Collectively, this post will refer to all of these data owners as CDOs, recognizing that this is growing field and the title is not present in all organizations. The CDO role itself is designed to bridge a common gap between technology automation and the businesses ownership of data, and CDOs can often experience a wide difference in focus based on the data maturity, budgets and resources in their businesses.
First and foremost, CDOs are responsible for the quality of the data that the business – and their clients – rely upon. This is a hefty task in an industry where complete accuracy is paramount and the regulatory oversight burden continues to become stricter.

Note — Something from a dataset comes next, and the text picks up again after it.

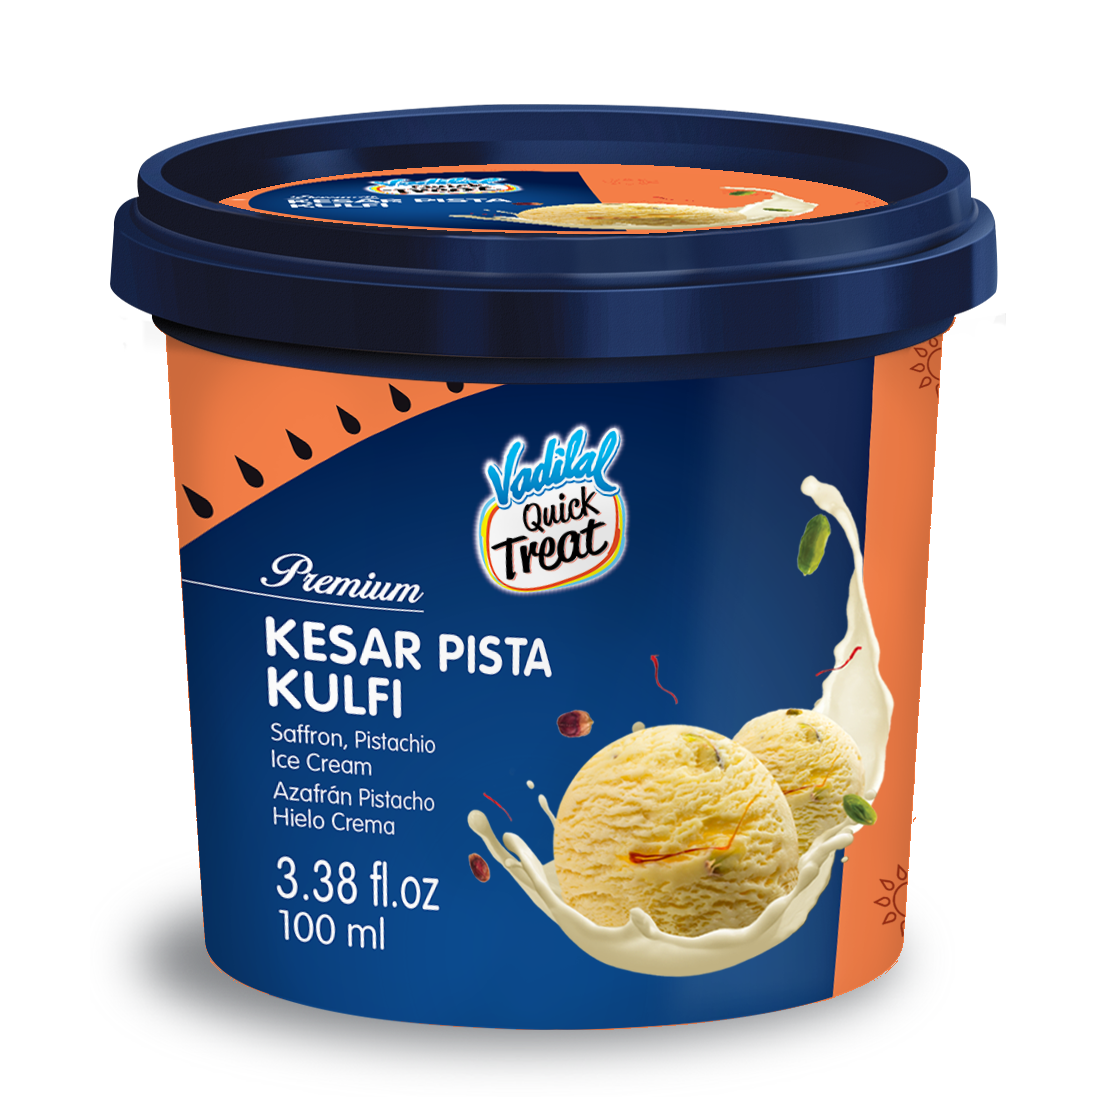 Vadilal Kesar Pista Kulfi Ice Cream - 100 Ml (3.38 Fl Oz)

In some organizations with limited budgets, CDOs that we encounter are just trying to get the basics right. They are focused on identifying sources and uses of information, creating roles and responsibilities, and documenting procedures to provide a basic level of governance in their organizations. In one case the IT impact was as simple as locking down the hard drive housing the Excel spreadsheets that are used for corporate reporting.
As highlighted in PanoVista.co’s report here, most firms have or are in the process of establishing more mature levels of structured data cleansing and distribution. This may include centralizing pricing and security reference data, ensuring CRM (Client Relationship Management) databases have clean information, warehousing core operational data, or ensuring the marketing-> sales-> client onboarding-> client support process is seamless. These firms are typically able to support traditional BI (Business Intelligence) tools, or increasingly BYOBI (Bring Your Own BI) tools like Tableau or Qlik.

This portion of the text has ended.